Differentiated Economic Integration: Saving or Destroying the European Project?

Friday, July 14, 2017
John McIntyre - Room 201 (University of Glasgow)
Anita Pelle , Faculty of Economics and Business Administration, University of Szeged
In the early times, steps of economic integration were constructed and realised so that all members agreed on them and then achieved them jointly. However, with subsequent enlargements and increasing heterogeneity, this mode of functioning was no more evident. The first solutions showing in the direction of differentiated economic integration occurred already with the 1973 enlargement.

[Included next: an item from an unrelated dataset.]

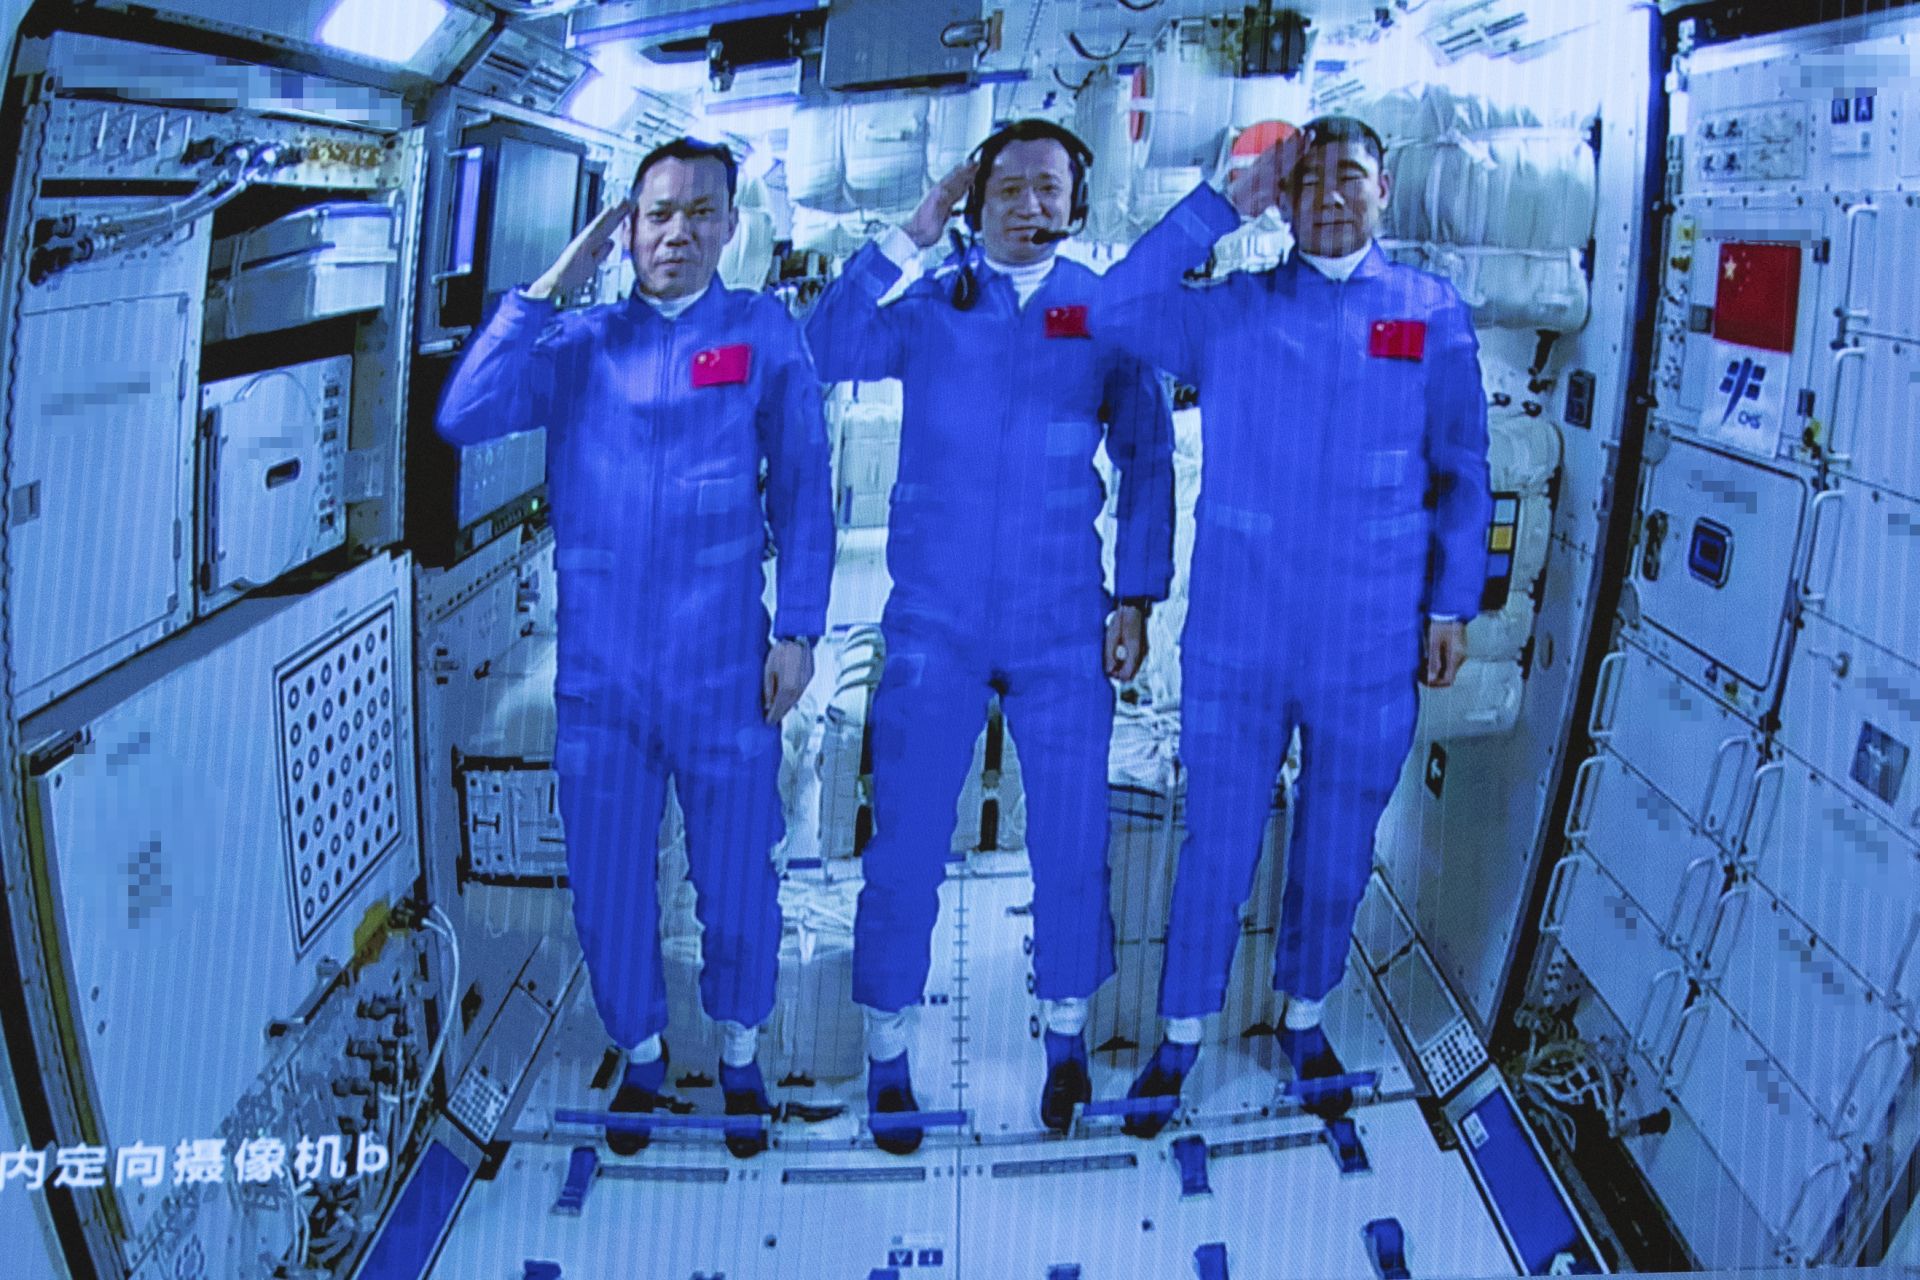 Тайконавтите на борда на Китайската космическа станция

Integration theory distinguishes between graduated and differentiated integration: the former refers to the same steps taken but at different speeds, taking members’ diverse circumstances and capabilities into account, while the latter inherently acknowledges that member states take different paths and they do that consciously, with the consent of the others.

Perhaps the most crucial such moment so far has been the amendment of the Maastricht Treaty with the opt-out clause in relation to the United Kingdom and Denmark. Nevertheless, there are numerous other manifestations of differentiated economic integration in the history of European integration: the UK’s special position on the revenue side of the EU budget, the subsequent discretionary decisions under the Stability and Growth Pact and the Excessive Imbalance Procedure, the non-signature of the Fiscal Compact by some member states, etc.  

The institution of differentiated integration was originally introduced with the aim of keeping the Community together and satisfy the special needs or requests by certain members in parallel. Paradoxically, the impact may well be just the opposite as, already in the medium term, the room provided for such maverick behaviour compromises joint decision-making and enforcement, and thus undermines the common establishment overall.